25. Trimmed Mean: Excludes values outside thresholds, then computes mean. Only values within thresholds are included in the calculation. https://en.wikipedia.org/wiki/Truncated_mean Also computes: trimmed_stddev, trimmed_variance, trimmed_cv, trimmed_range, and trimmed_stddev_ratio (trimmed_stddev / overall_stddev). By default, uses Q1 and Q3 as thresholds (25% winsorization/trimming). With --use-percentiles, uses configurable percentiles (e.g., 5th/95th) as thresholds with --pct-thresholds.

In addition, it computes the following univariate outlier statistics (24 outlier statistics total). https://en.wikipedia.org/wiki/Outlier (requires --quartiles or --everything in stats):

Outlier Counts (7 statistics):

• outliers_extreme_lower_cnt: Count of values below the lower outer fence
• outliers_mild_lower_cnt: Count of values between lower outer and inner fences
• outliers_normal_cnt: Count of values between inner fences (non-outliers)
• outliers_mild_upper_cnt: Count of values between upper inner and outer fences
• outliers_extreme_upper_cnt: Count of values above the upper outer fence
• outliers_total_cnt: Total count of all outliers (sum of extreme and mild outliers)
• outliers_percentage: Percentage of values that are outliers

Outlier Descriptive Statistics (6 statistics):

• outliers_mean: Mean value of outliers
• non_outliers_mean: Mean value of non-outliers
• outliers_to_normal_mean_ratio: Ratio of outlier mean to non-outlier mean
• outliers_min: Minimum value among outliers
• outliers_max: Maximum value among outliers
• outliers_range: Range of outlier values (max - min)

Outlier Variance/Spread Statistics (7 statistics):

• outliers_stddev: Standard deviation of outlier values
• outliers_variance: Variance of outlier values
• non_outliers_stddev: Standard deviation of non-outlier values
• non_outliers_variance: Variance of non-outlier values
• outliers_cv: Coefficient of variation for outliers (stddev / mean)
• non_outliers_cv: Coefficient of variation for non-outliers (stddev / mean)
• outliers_normal_stddev_ratio: Ratio of outlier stddev to non-outlier stddev

Outlier Impact Statistics (2 statistics):

• outlier_impact: Difference between overall mean and non-outlier mean
• outlier_impact_ratio: Relative impact (outlier_impact / non_outlier_mean)

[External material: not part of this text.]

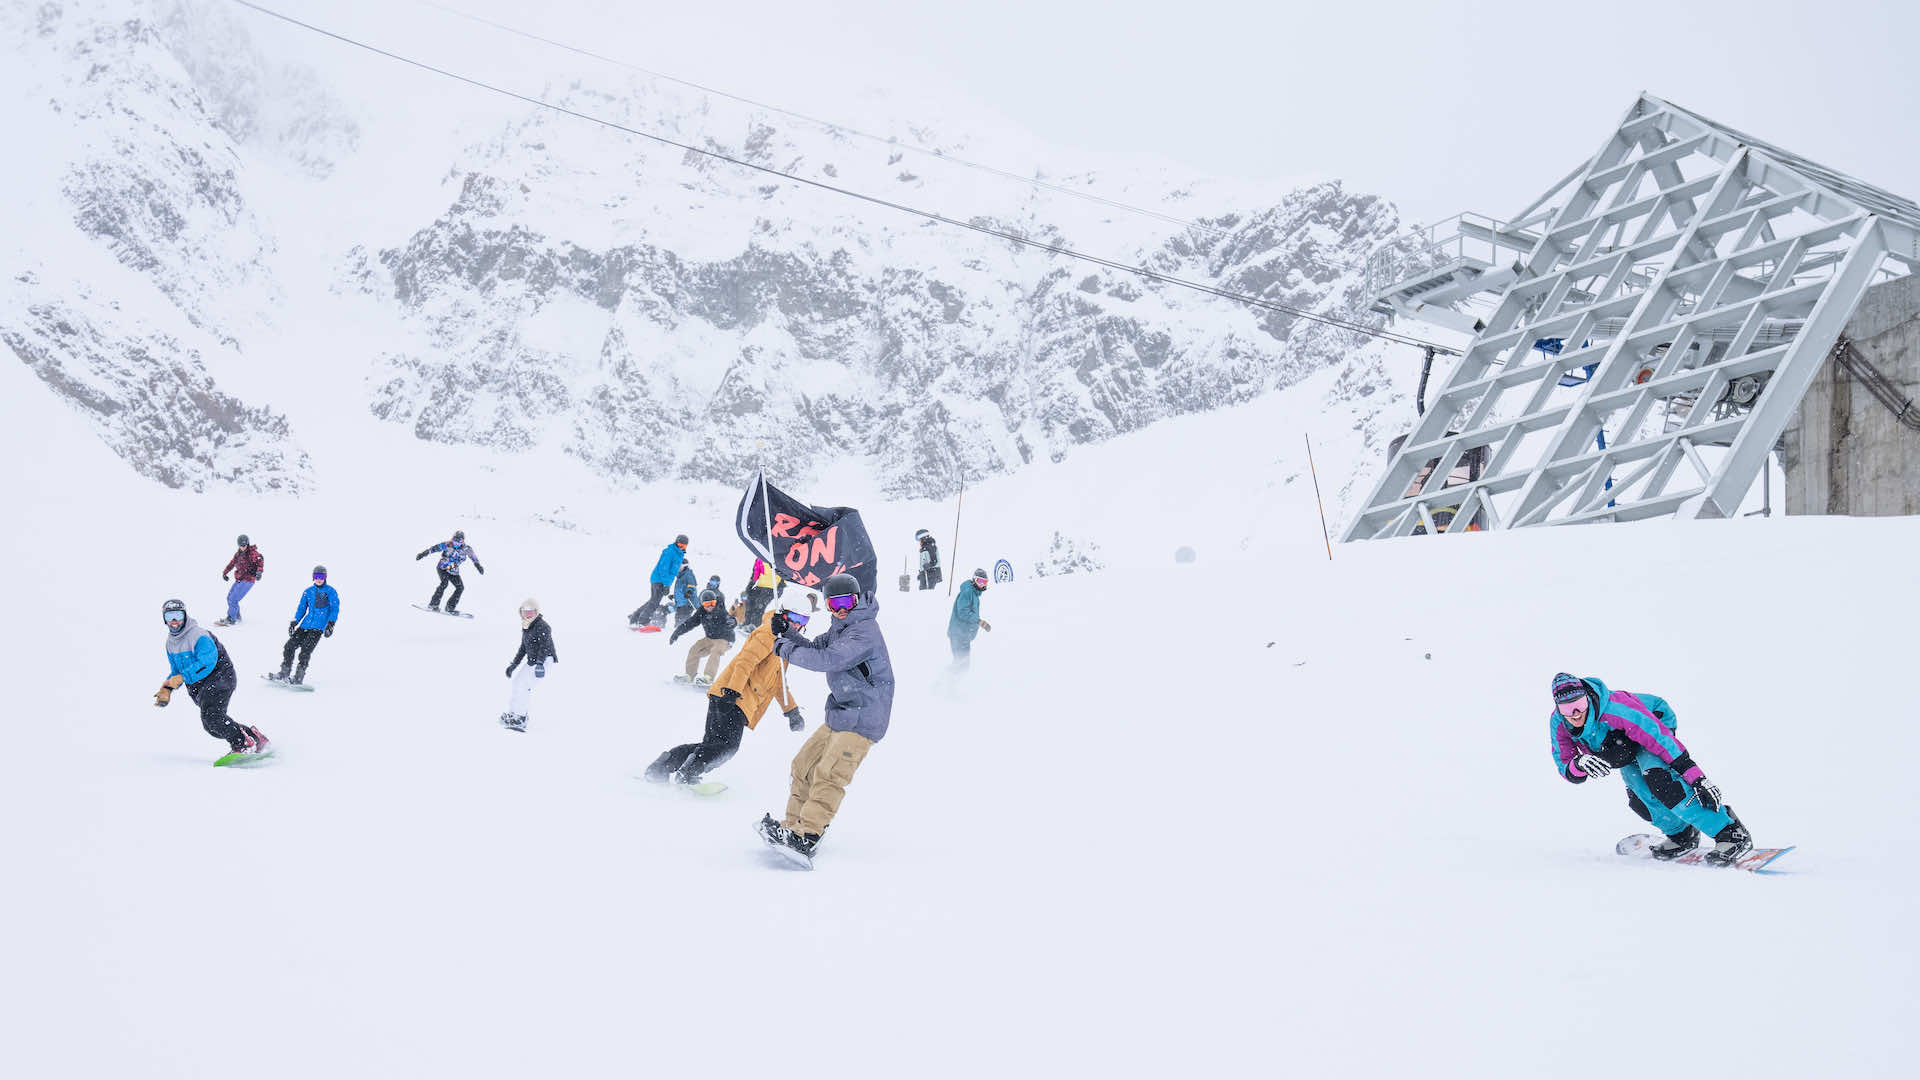 A group of snowboarders with one carrying a flag

Outlier Boundary Statistics (2 statistics):

• lower_outer_fence_zscore: Z-score of the lower outer fence boundary
• upper_outer_fence_zscore: Z-score of the upper outer fence boundary

These outlier statistics require reading the original CSV file and comparing each value against the fence thresholds. Fences are computed using the IQR method: inner fences at Q1/Q3 ± 1.5IQR, outer fences at Q1/Q3 ± 3.0IQR.

These univariate statistics are only computed for numeric and date/datetime columns where the required base univariate statistics (mean, median, stddev, etc.) are available. Univariate outlier statistics additionally require that quartiles (and thus fences) were computed when generating the stats CSV. Winsorized/trimmed means require either Q1/Q3 or percentiles to be available. Kurtosis, Gini & Atkinson Index require reading the original CSV file to collect all values for computation.

BIVARIATE STATISTICS:

The moarstats command also computes the following 6 bivariate statistics:

1. Pearson's correlation Measures linear correlation between two numeric/date fields. Values range from -1 (perfect negative correlation) to +1 (perfect positive correlation). 0 indicates no linear correlation. https://en.wikipedia.org/wiki/Pearson_correlation_coefficient
2. Spearman's rank correlation Measures monotonic correlation between two numeric/date fields. Values range from -1 (perfect negative correlation) to +1 (perfect positive correlation). 0 indicates no monotonic correlation. https://en.wikipedia.org/wiki/Spearman%27s_rank_correlation_coefficient
3. Kendall's tau Measures monotonic correlation between two numeric/date fields. Values range from -1 (perfect negative correlation) to +1 (perfect positive correlation). 0 indicates no monotonic correlation. https://en.wikipedia.org/wiki/Kendall_rank_correlation_coefficient
4. Covariance Measures the linear relationship between two numeric/date fields. Values range from negative infinity to positive infinity. 0 indicates no linear relationship. https://en.wikipedia.org/wiki/Covariance
5. Mutual Information Measures the amount of information obtained about one field by observing another. Values range from 0 (independent) to positive infinity. https://en.wikipedia.org/wiki/Mutual_information
6. Normalized Mutual Information Normalized version of mutual information, scaled by the geometric mean of individual entropies. Values range from 0 (independent) to 1 (perfectly dependent). https://en.wikipedia.org/wiki/Mutual_information#Normalized_variants

These bivariate statistics are computed when the --bivariate flag is used and require an indexed CSV file (index will be auto-created if missing). Bivariate statistics are output to a separate file: <FILESTEM>.stats.bivariate.csv.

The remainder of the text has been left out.